2. Water Cycle – How well do our soils capture and infiltrate water from rainfall, snowmelt or irrigation? Are we replenishing our springs and aquifers? Do we have too much water and wind erosion occurring? Good soil water infiltration and retention only happens when we have good soil biology.
3. Mineral Cycle - The mineral cycle, also called the nutrient cycle, only works effectively when we have good soil biology and microbiology working for us. Nutrients come from many sources, including the soil itself, rocks, rain, atmosphere, animal manure and urine, dead and decaying plant materials, and dead and decaying microbes and macro-organisms.

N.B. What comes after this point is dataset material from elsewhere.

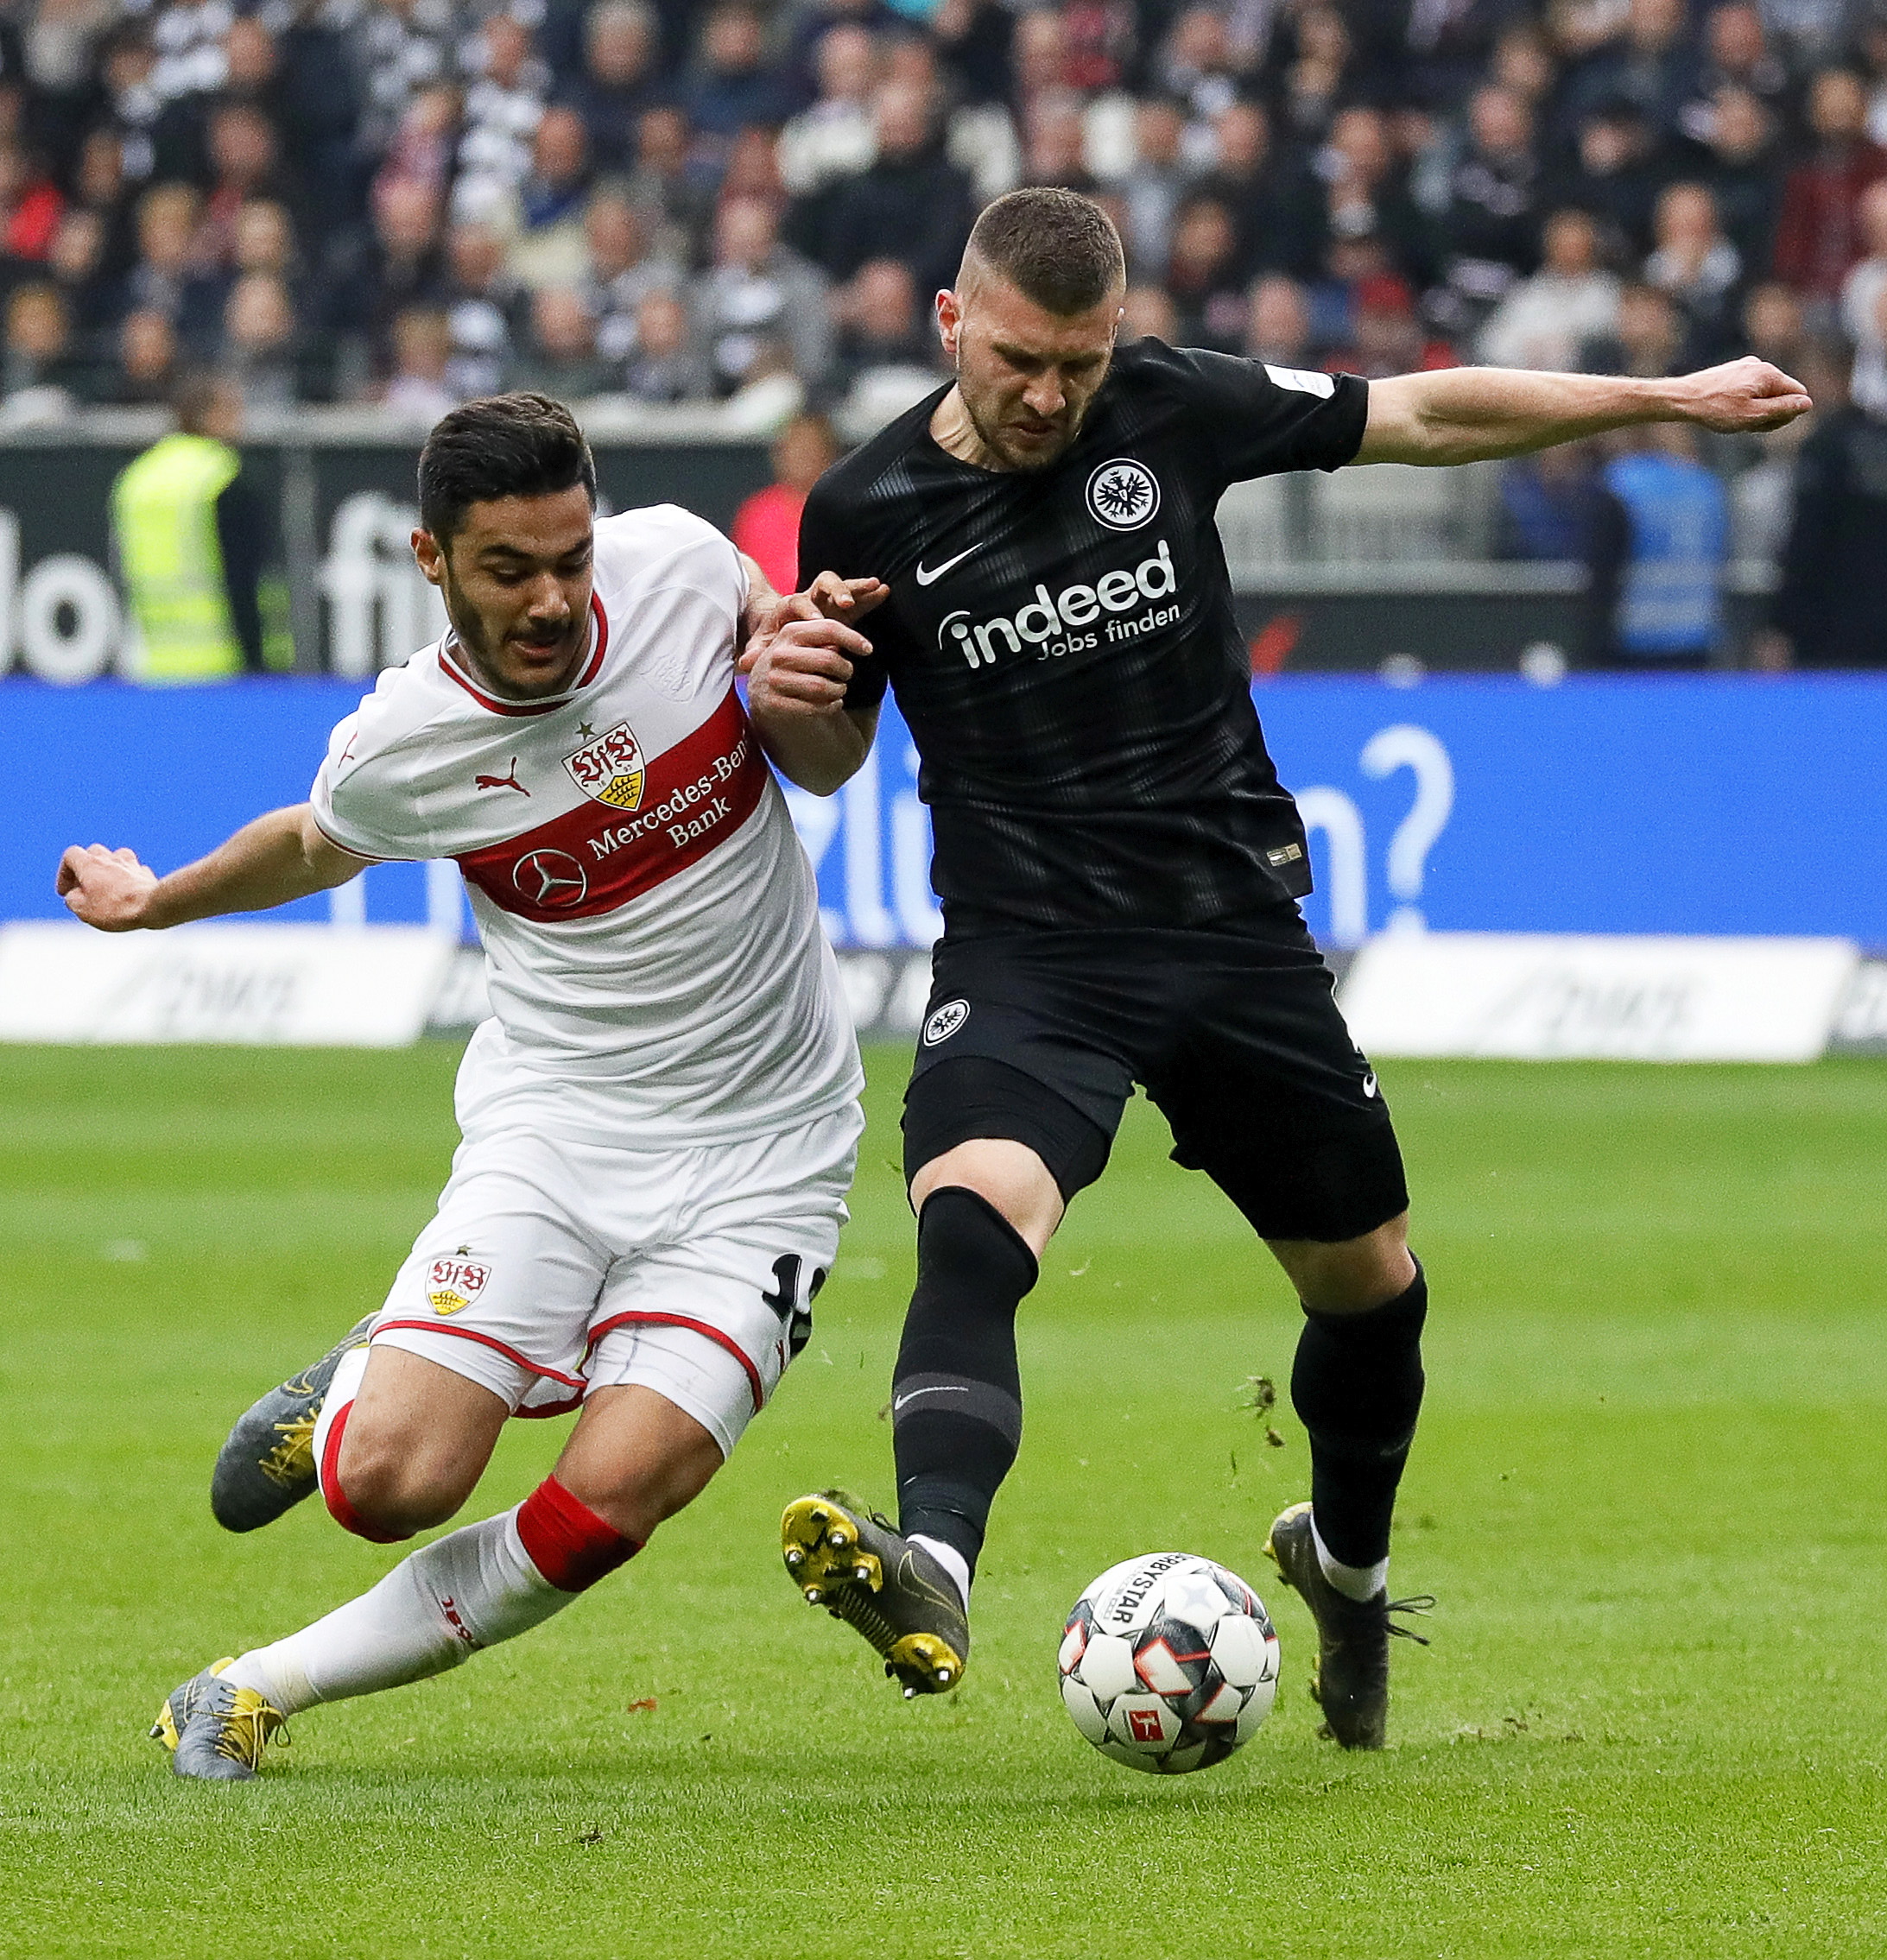 epa07476800 Frankfurt's Ante Rebic (R) in action against Stuttgart's Ozan Kabak (L) during the German Bundesliga soccer match between Eintracht Frankfurt and VfB Stuttgart in Frankfurt, Germany, 31 March 2019.  EPA/RONALD WITTEK CONDITIONS - ATTENTION: The DFL regulations prohibit any use of photographs as image sequences and/or quasi-video.

4. Community Dynamic – This can also be referred to as diversity. The greater the diversity that exists in our ecosystem, the better everything functions. This includes plant, insect, bird and other wildlife species diversity.
Summary
The 6-3-4TM is the best and most proven way to make continuous regenerative progress. Planned, purposeful and intentional application of the Six Principles and the Three Rules allows us to optimize the Four Ecosystem Processes and take advantage of nature’s free resources. No matter where you are located and no matter what your agricultural enterprises may be, success hinges on how well we capture and utilize the resources that have been in place since the beginning of time.